Sunday, 1 June 2014

Getting on Linux my dedicated Amd hd7730M up to par with on Windows


When I bought my laptop: a laptop with an Intel hd4000 and a dedicated card Amd hd7730m, the simplest way to have a good battery life, while being able to use the dedicated card sometimes, was to install Catalyst.

While on Windows, the two cards mix well together: you have a tool to configure the card that should be used for recently launched applications, and the dedicated card shutdown itself when it is not used, it was not the case for Linux. With Catalyst you had the choice between hd4000 only or hd7730m only. If you changed the parameter you had to restart X to have the change effective.

The main issues with that were that Catalyst required specifics parameters for the intel DDX (no sna), Catalyst is difficult to install without problems, and added 30s more to my startup time. Also when using the Amd card, tearings were everywhere and destroyed the experience.

The interpretation I have of these issues is that Catalyst probably uses some hacks to get access to the screen framebuffer from the intel DDX, and copies directly what needs to be updated to it (not caring of the screen refresh, thus causing the tearings).

Not very happy with this situation, when I heard that the open source driver were getting the ability to fire up or shutdown the dedicated card when needed, and that DPM was working, I was optimistic that I could use the open source driver to have a better experience.

Help the open source driver

Last year, I had some free time to spend, and decided to help open source to get what I wanted: Currently with DRI2 DRI_PRIME support you can use the dedicated card for a specific application (and after that when the application closes, the dedicated card will shutdown), but you still get tearings.
That's because the way it's implemented, basically it's the same than for Catalyst: copying to the screen framebuffer without caring of the screen refresh.

To get rid of the tearings, I thought at that time, that the best solution was to implement DRI_PRIME for Wayland, since Wayland compositors are supposed to have no tearings.
It took several months before understanding correctly what was needed to be done and how.
Finally I had done some patches and have even done a talk at Fosdem ! Unfortunately these patches didn't have that much success for review, the main reason I think is the lack of testers and the need to be reviewed by Kristian Hoesberg to get merged into that part of Mesa, and he is very occupied by other stuffs (and I think he has to keep a priority for Intel employees, and that also the fact that Intel doesn't need DRI_PRIME is a factor. But that's only suppositions).

I then decided to see what could be done for GLX DRI3. Afterall I worked on XWayland in the meantime, and understood the technology behind DRI3.
When developping the patches (both for Wayland EGL and GLX DRI3), I made the assumptions we would have dma-buf fences to help synchronizing the two cards read and writes.
Thus I choosed a different way than DRI2: instead of always writing to the same buffer, we would write to different buffers (like is done for DRI3 and Wayland by default).

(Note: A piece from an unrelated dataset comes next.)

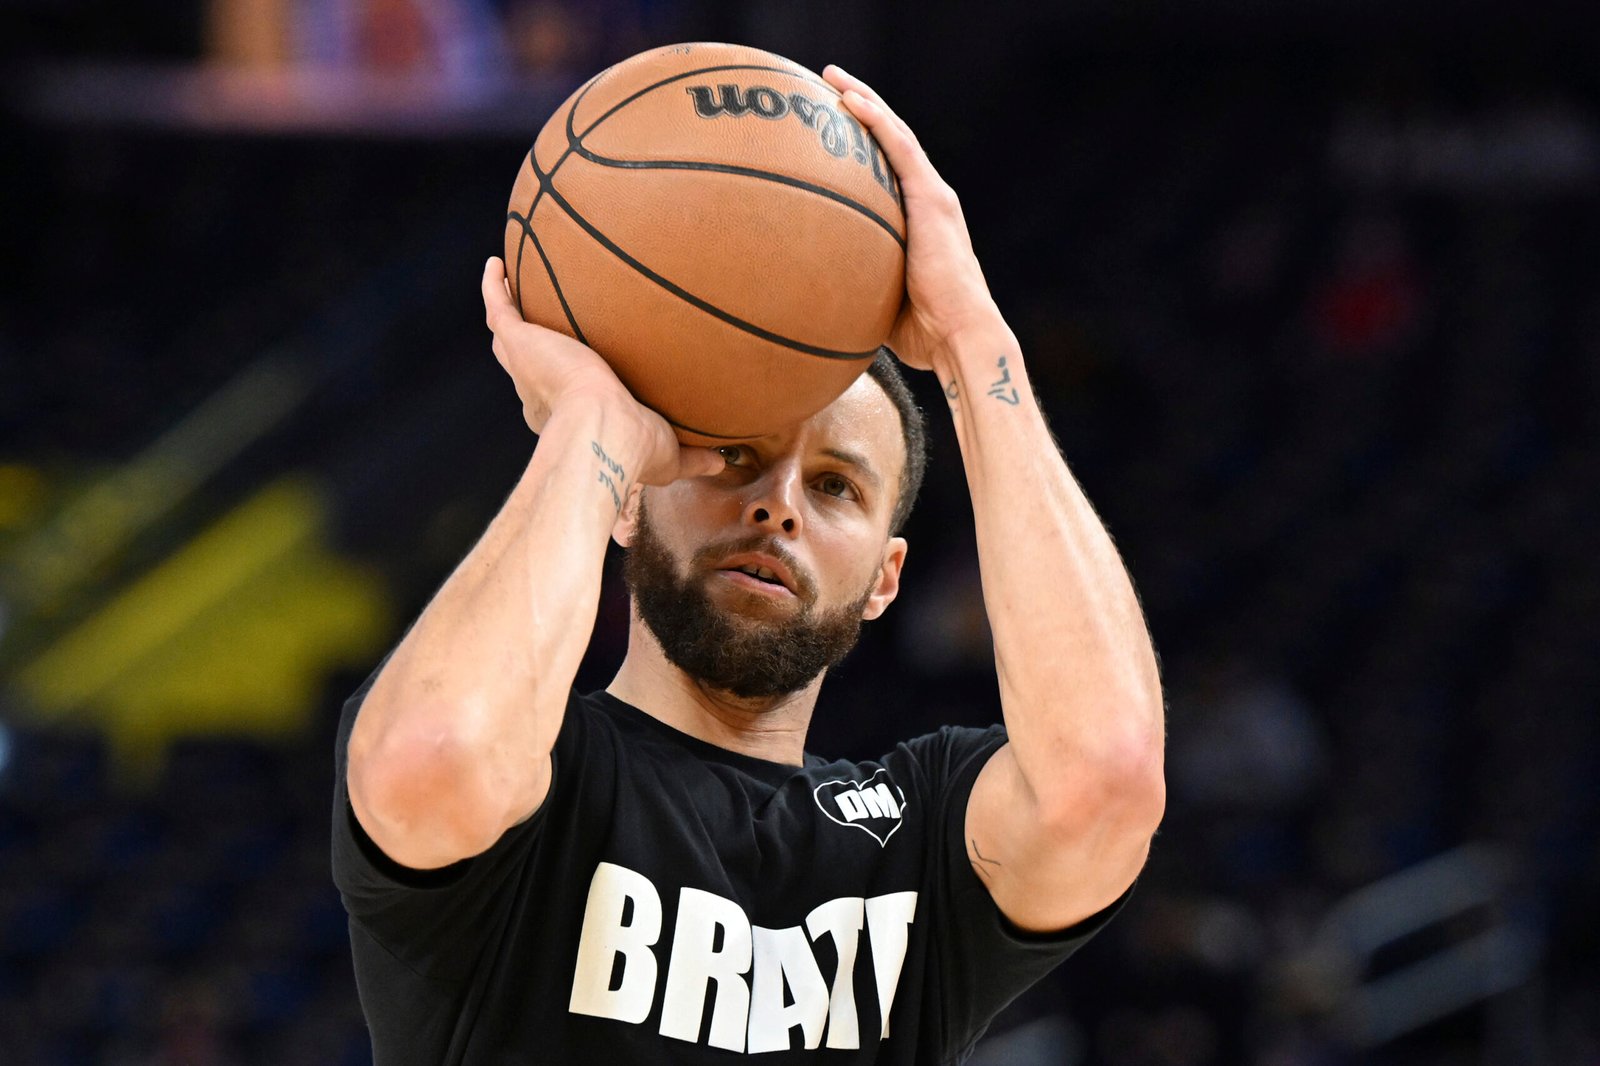 Steph Curry vs Sabrina Ionescu all set for NBA All-Star weekend
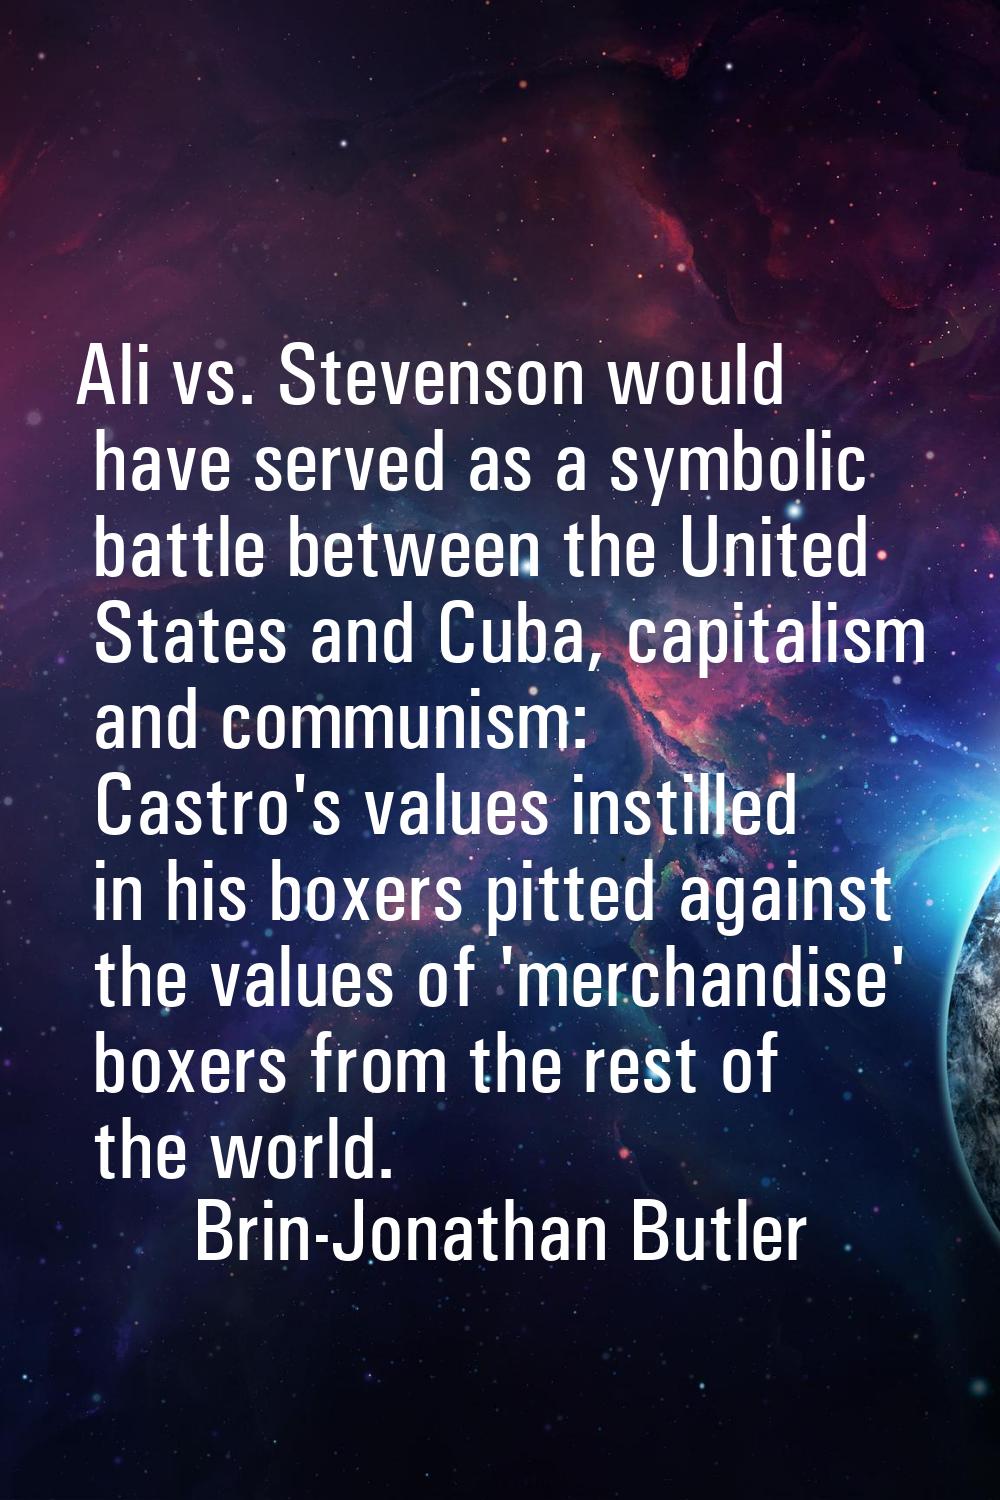 Ali vs. Stevenson would have served as a symbolic battle between the United States and Cuba, capita

The problem I thought of was if the buffer is cleared, then we write to it, and in the meanwhile the other card reads the buffer before it has been finished written. With dma-buf fences, the second card would wait. I thought in the meantime we would use a hack, like glFinish (ie wait the rendering has been done) before sharing the buffer, but that decreases performance. Alternatively, we could have used a nested Weston compositor to add some latency.

Hopefully this is not a big problem, because you don't clear the buffer! You write on the previous content of it. Imagine you use 3 buffers. You render on one, while the other ones may or may be not used by the server (X or Wayland compositor). When you 'send' (actually it's just saying to the server you have rendered) the buffer, the server 'releases' an older one (actually it just tells you it has finished with it). And you reuse this 'old' buffer. So when you write on it, there's still the old content, which is 1-3 frames old. So if never the server card reads before you finished writing, you see old content on the image: not as bad as black content!
In practice everything is ok for most applications, but for some the old content may be a problem. We'll have to wait dma-buf fences to have it 100% ok.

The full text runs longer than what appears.